_WORK REQUIRED:_ Return all the lines below exactly. Any picture among them is omitted.

_RECORDED INFORMATION:_
###

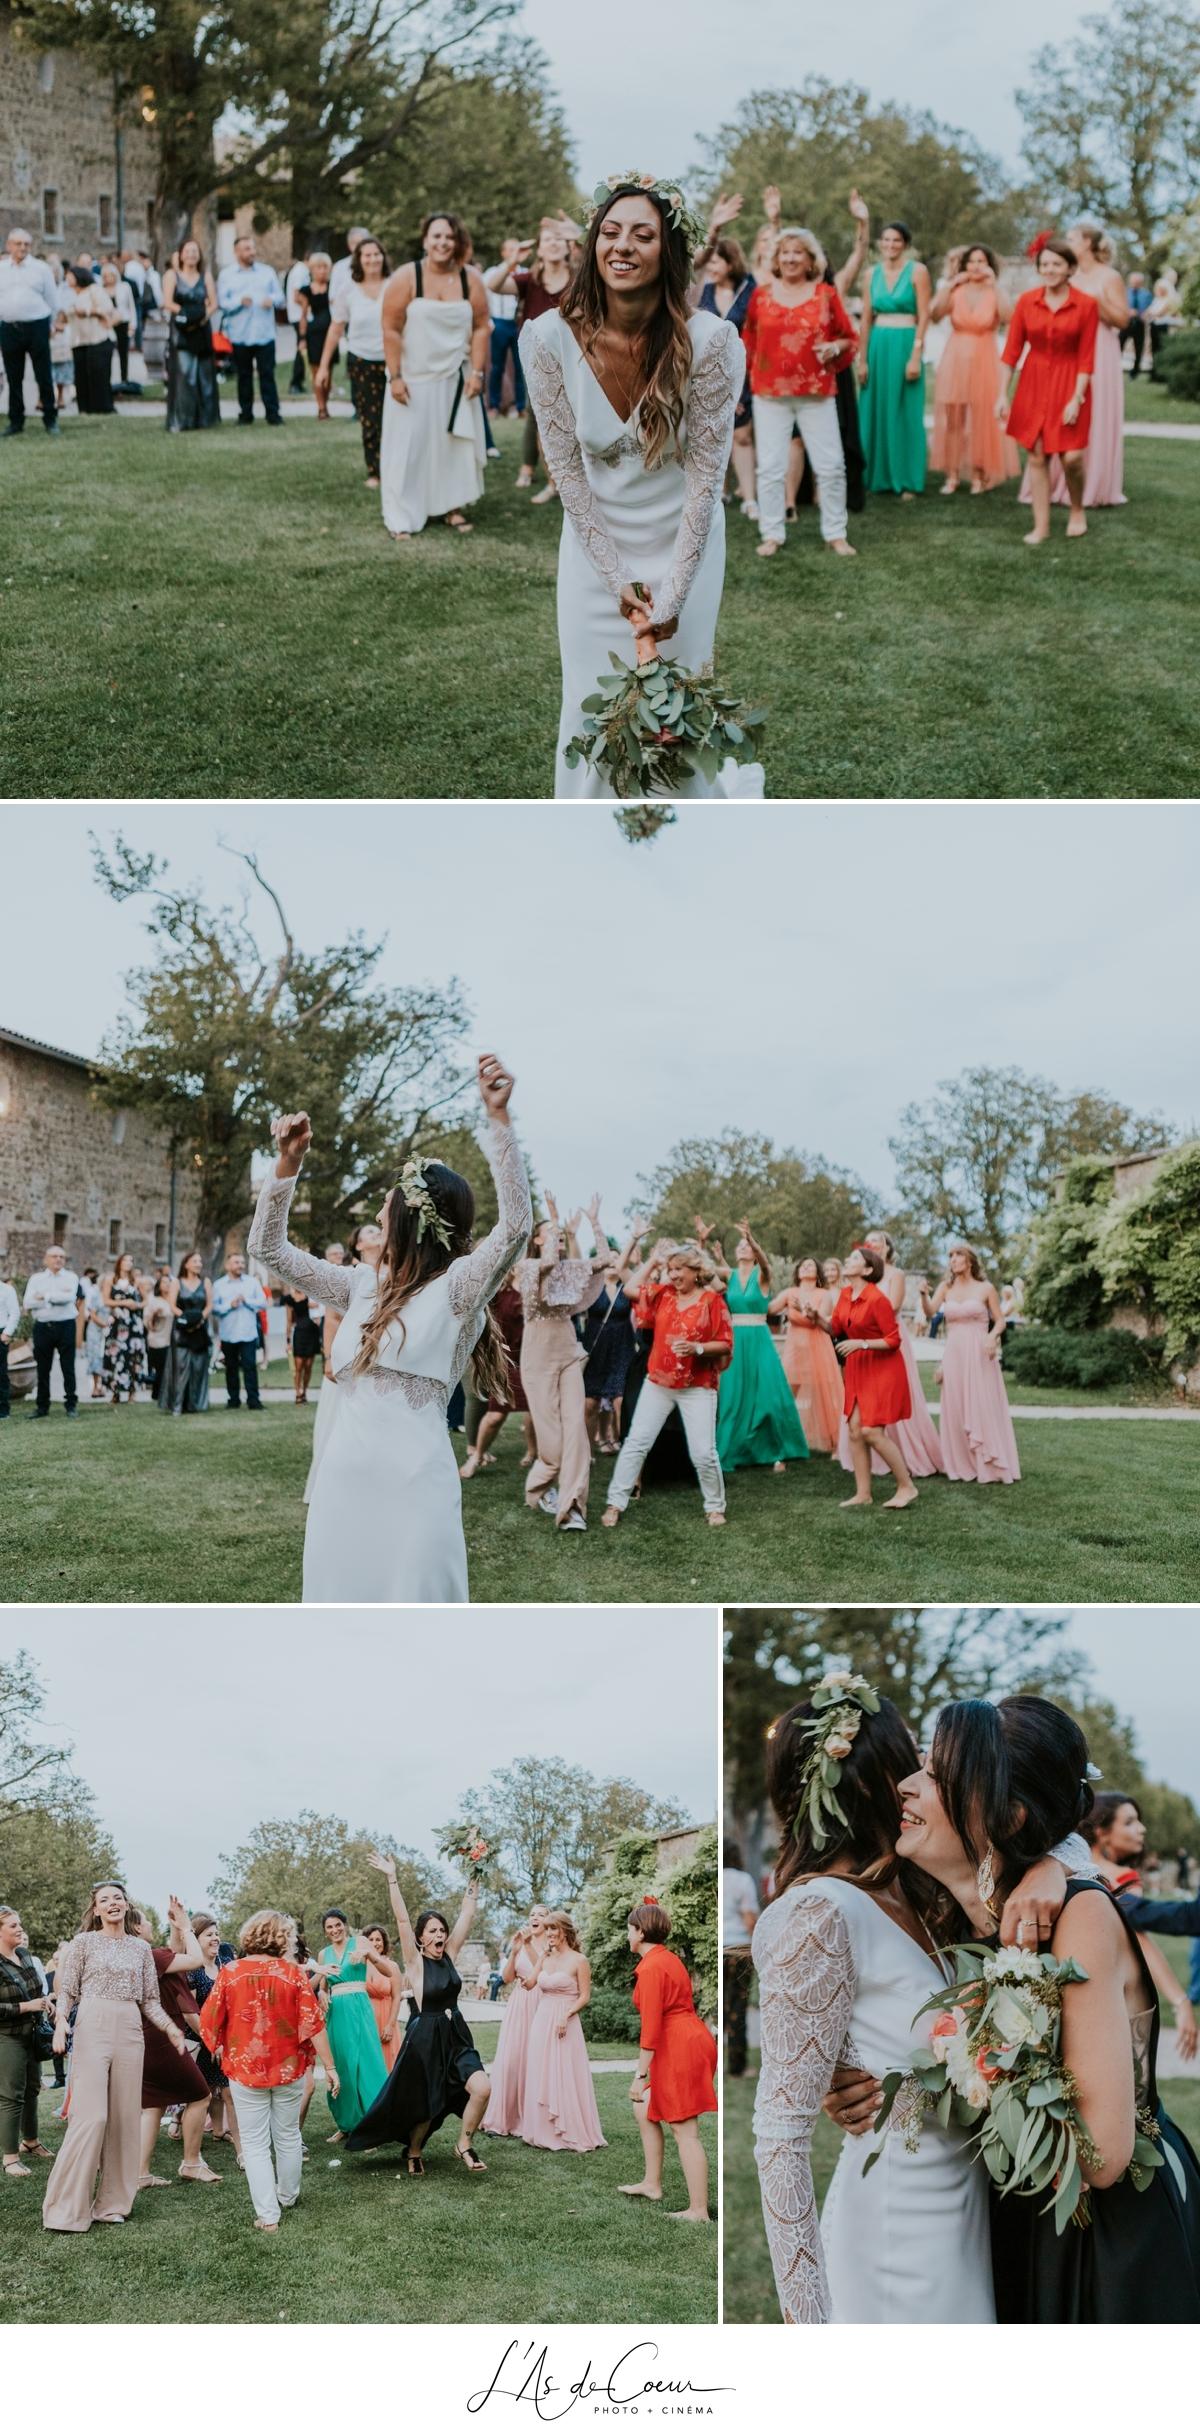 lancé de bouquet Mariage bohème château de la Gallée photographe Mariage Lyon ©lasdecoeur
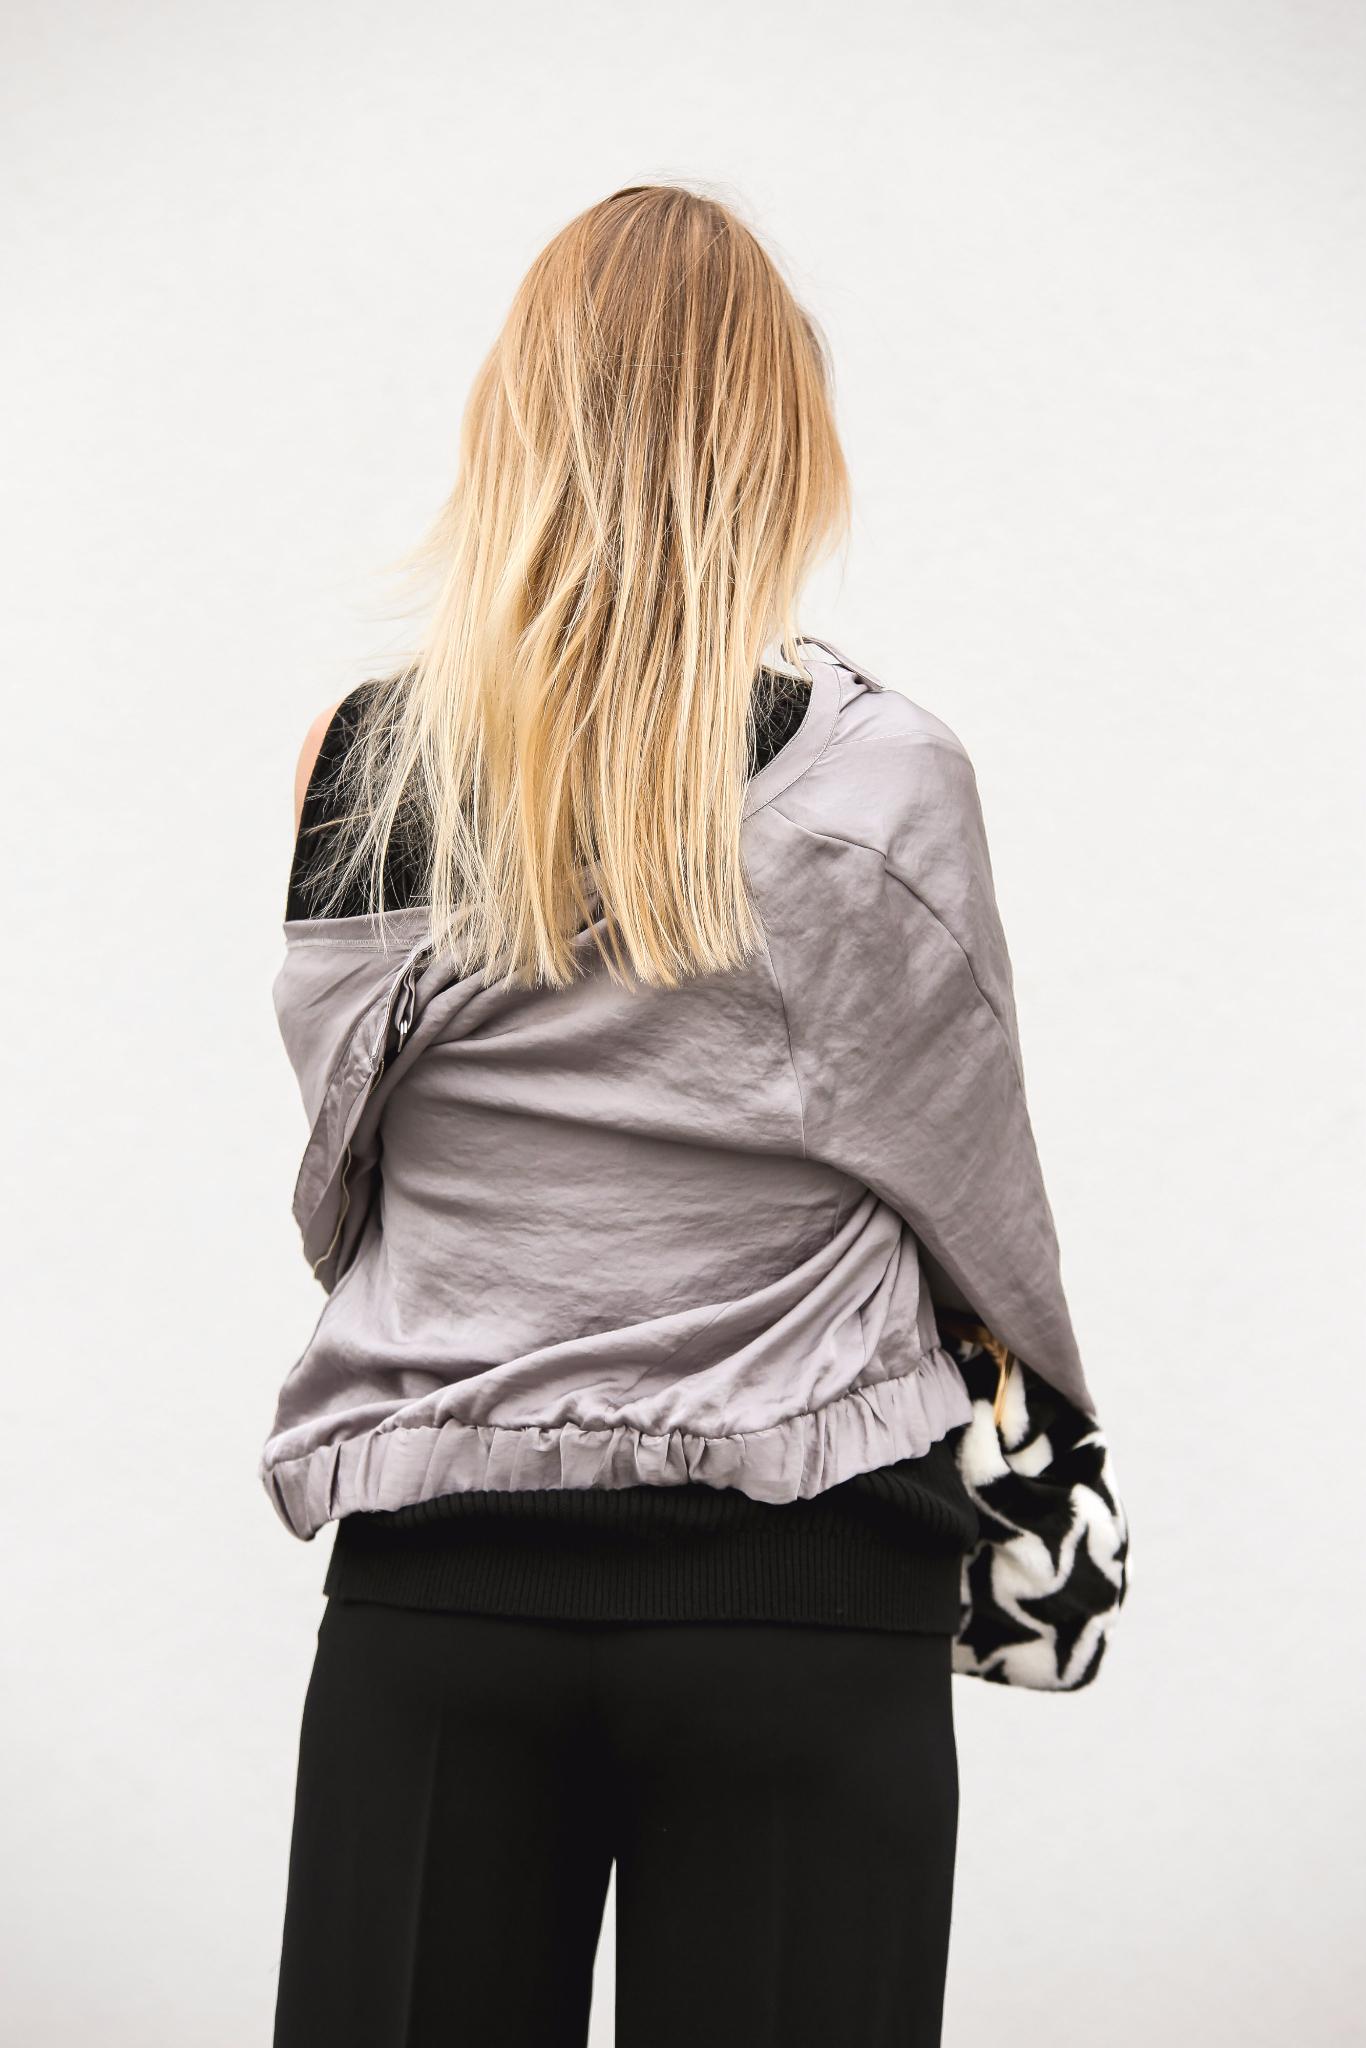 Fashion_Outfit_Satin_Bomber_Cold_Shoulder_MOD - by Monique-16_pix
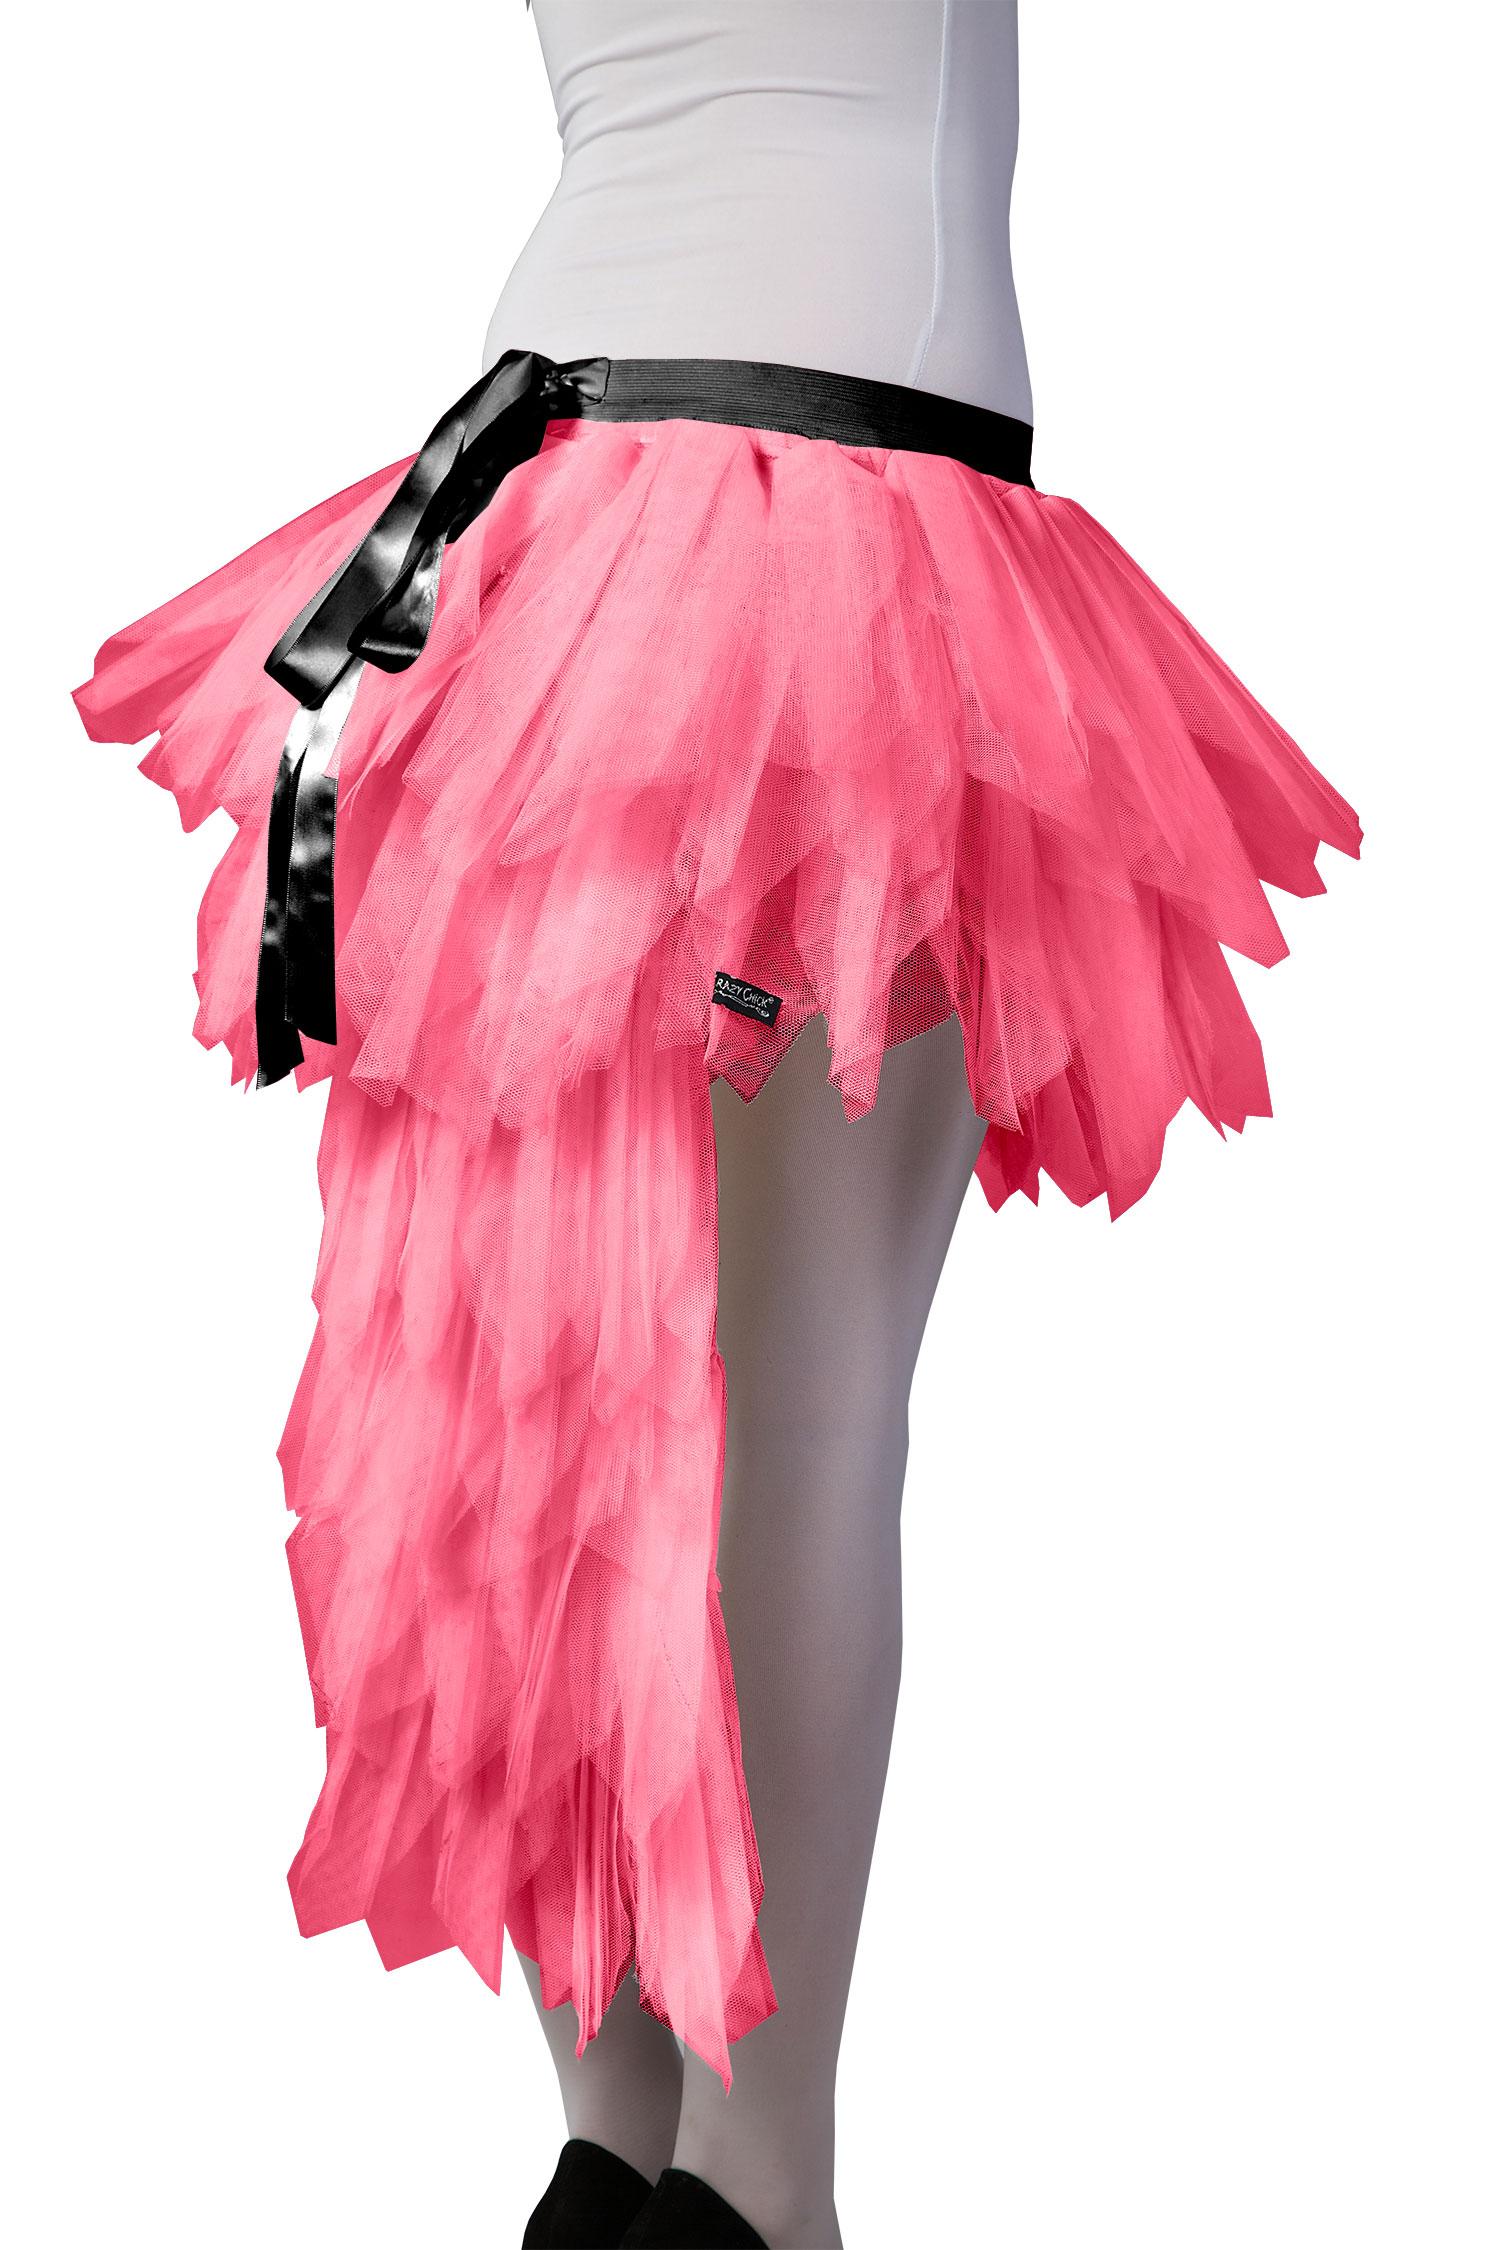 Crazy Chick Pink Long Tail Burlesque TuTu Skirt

###

_RESULT FOR THIS EXERCISE:_
 lancé de bouquet Mariage bohème château de la Gallée photographe Mariage Lyon ©lasdecoeur
 Fashion_Outfit_Satin_Bomber_Cold_Shoulder_MOD - by Monique-16_pix
 Crazy Chick Pink Long Tail Burlesque TuTu Skirt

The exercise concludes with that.